[Search-l] Input wanted on Mini and main name spaces for Search Wikia

Balinny balinny at gmail.com
Sun Feb 3 21:00:18 UTC 2008


Peter Burden wrote:
> Most of these seem plausible.  The final 3 (v) - (vii) are by far the
> most  significant. A mini-article with links would look, to many
> people, rather like the sponsored results that appear at the top
> of Google result lists and people would tend to interpret them the
> same way. The risks of mis-use by financially motivated members
> of the community are substantial and are probably best avoided.
Agree.
> A link in a mini-article could easily be an excuse for not providing
> useful information. It is much quicker to read one sentence of
> informative text than to click on a link and wait for some media
> intensive irrelevancy to download.
>
> As a sole exception, I'd like to see mini-articles including a link
> to the relevant Wikipedia article. Brand-wise this should be
> acceptable.
In that  case wikipedia result should be automatically placed on top,
like Google does (not necessary on the top, only "biased to appear
before most results").
> Another point I haven't really seen discussed is the relationship
> between mini-articles and search queries. For example if I do
> a search for "York" then I am NOT interested in mini-articles
> and pages about "New York". To resolve this problem with
> mini-articles I'd suggest that there should be an EXACT match
> between mini-article titles and queries.
It's currently an exact matching. The problem is see is that it's too exact.
Even in capitalization! That needs to be relaxed. And probably also for
multiword searchs. Something like lowercase and alphabetically sort
terms before checking the miniarticle existance.
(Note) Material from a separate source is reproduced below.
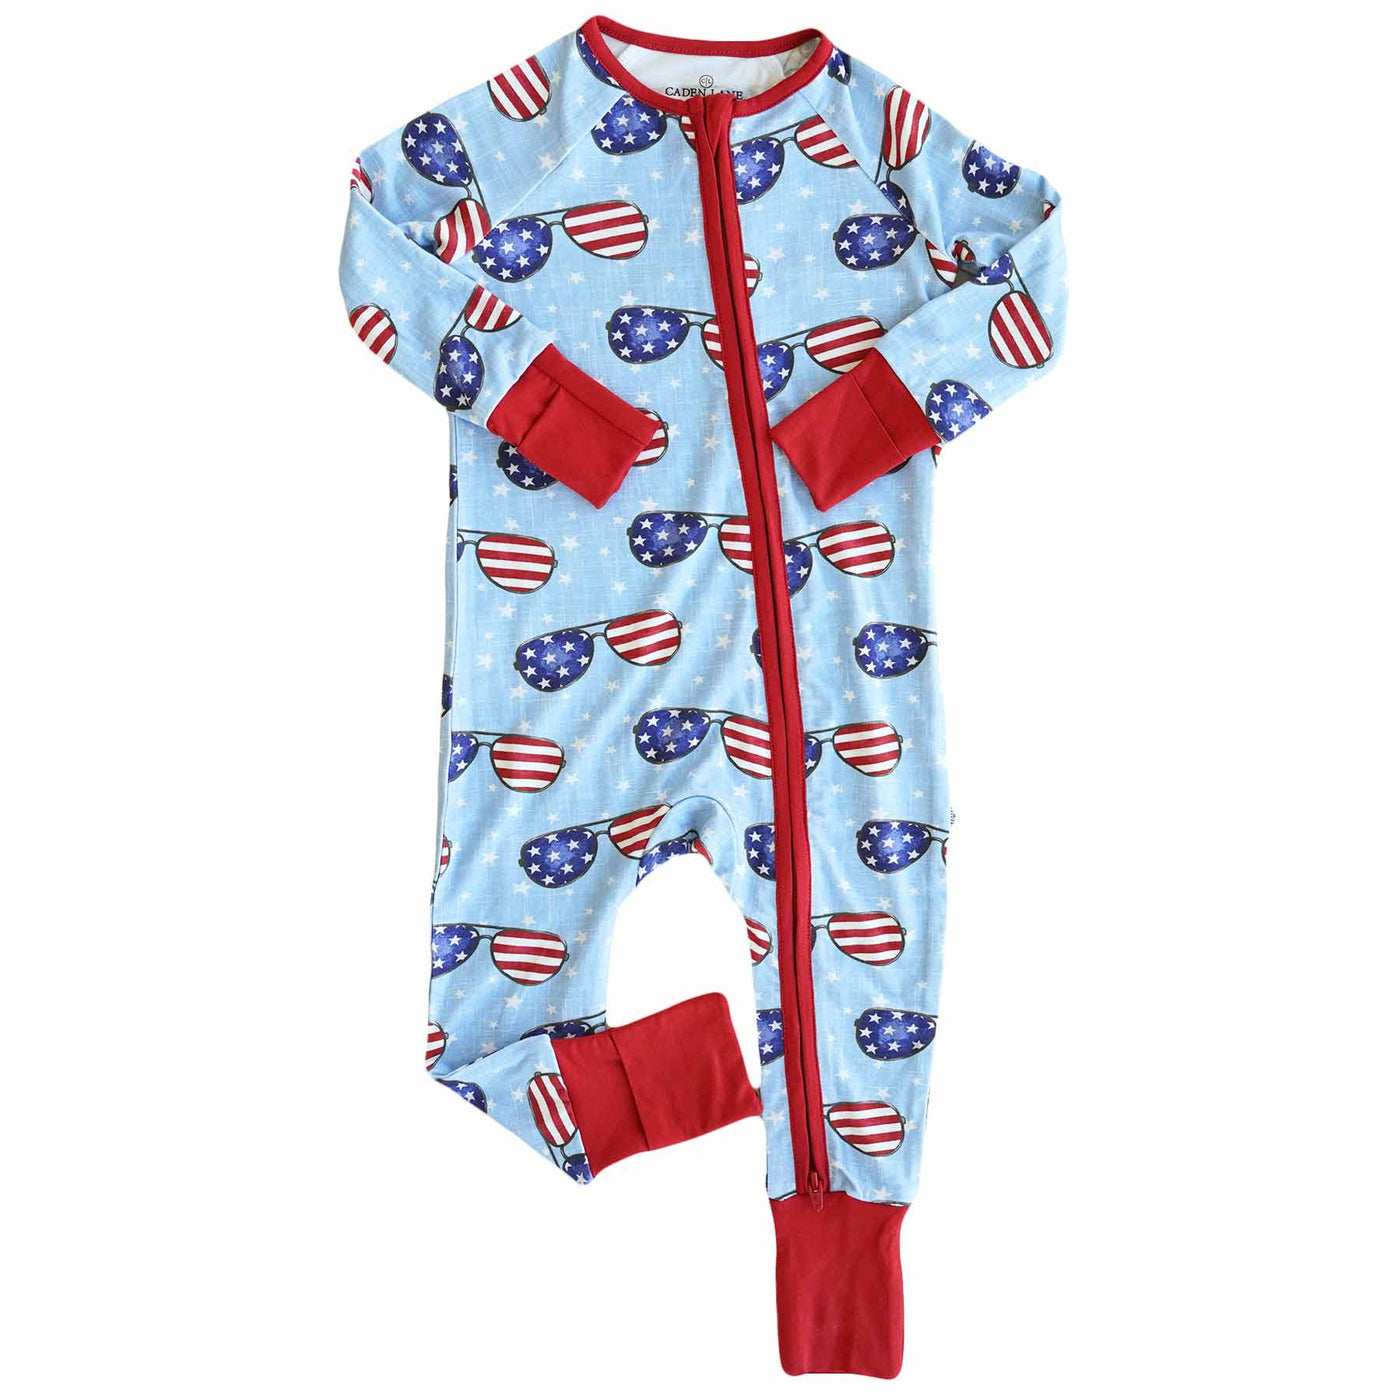 baby pajama romper with red, white and blue sunglasses for the 4th of july

> Incidentally the York search on Search Wikia does, indeed,
> give lots of pages about New York, whereas Google gets it
> right. Not quite sure how Google does this - conceivably it
> looks at my IP address and decides (correctly) that I'm in the
> UK and delivers results accordingly. The Search Wikia team
> need to think about this.
I doubt it's done like that. It's probably detecting "New York" as a
word instead of two terms, or something similar. Google stressed
from the beginning the importance of words placed near the term.